Hovey and Sally Hedges had invited Helen and me to spend the week-end with them. Sally said, “Everybody in the class gets so excited when they know you are coming, because you’re not divorced. All the rest of us are divorced, so we know forever vows aren’t forever. But you show that they can be.”
It seems a bit strange, now that we have been married 67 years, that our friends were impressed back then, when we had been married only about half this time.
Sally was Hovey’s third wife, but she always introduced herself as “Hovey’s last wife.” Even put that on her name tag at the reunion banquet. Alas, she was not.
For many folks, once the divorce bowl starts rolling, it’s hard to stop it.
Helen and I are probably among the last long-term marriages, 67 years tomorrow.

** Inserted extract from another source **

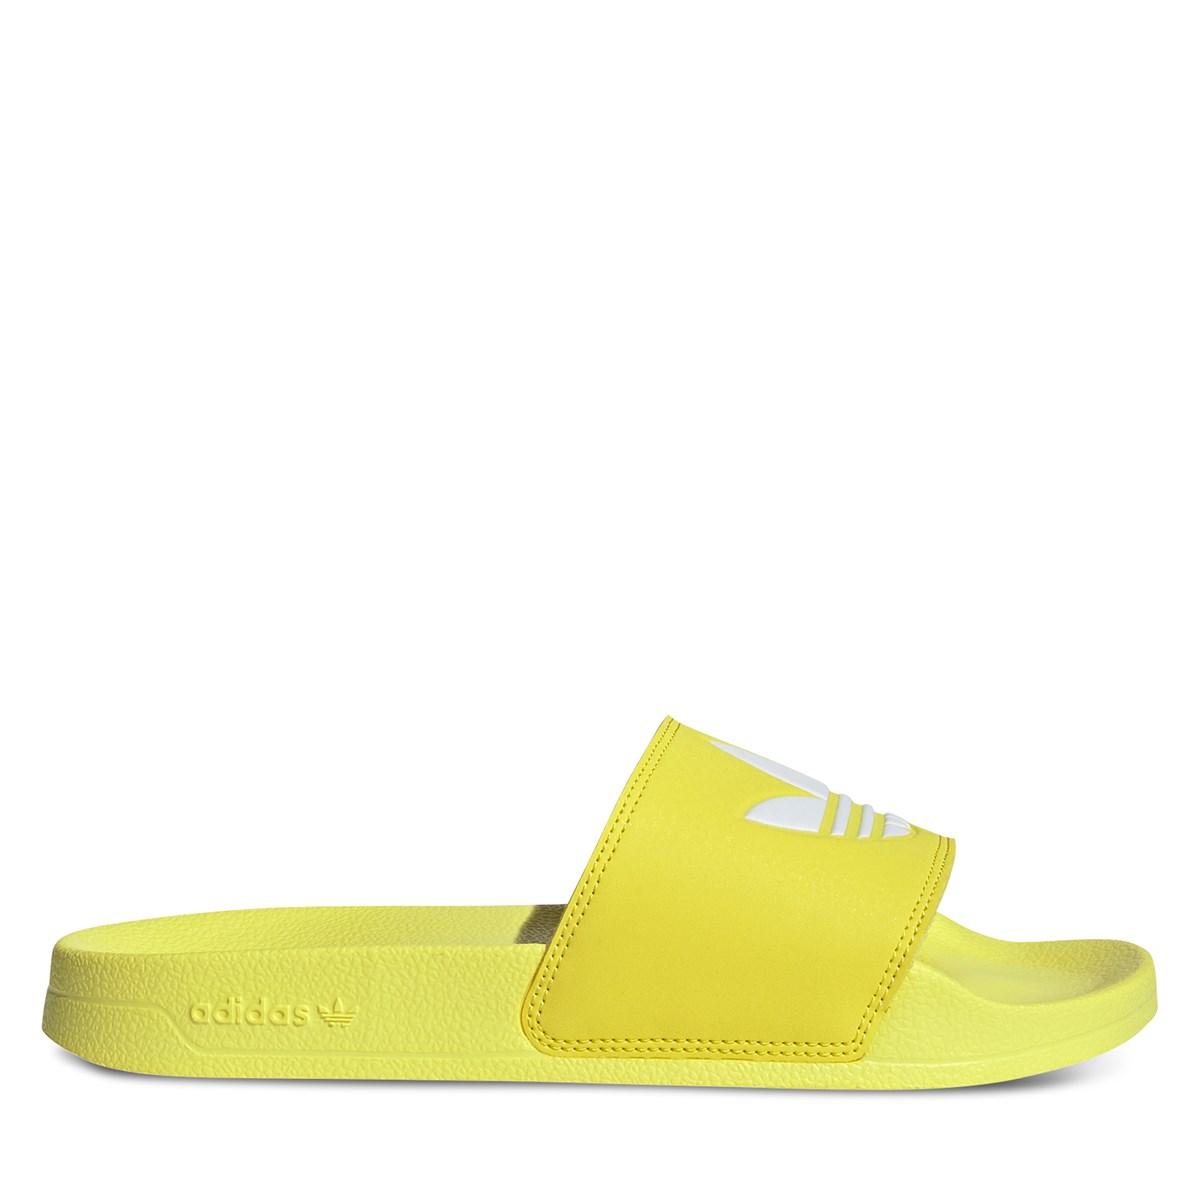 Sandales Adilette jaunes pour femmes

Marriages are shorter now, not just because of the prevalence of divorce, but also because folks get married later. The birth control pill makes it possible to have sex without marriage, so why rush things?
The biggest reason, though, for divorce and later-life marriage, is this new-fangled idea that both people should be involved in choosing how to decorate a house. Helen says, “I like the old method, where I just did whatever I wanted and you didn’t notice.”
See? Marriage today doesn’t have to be more complicated, even if it’s shorter. The secret to a long marriage is staying out of each other’s way.
John Robert McFarland
“You have to be very fond
of men. Very, very fond of them. You have to be fond of them to love them.
Otherwise, they’re simply unbearable.” Marguerite Duras.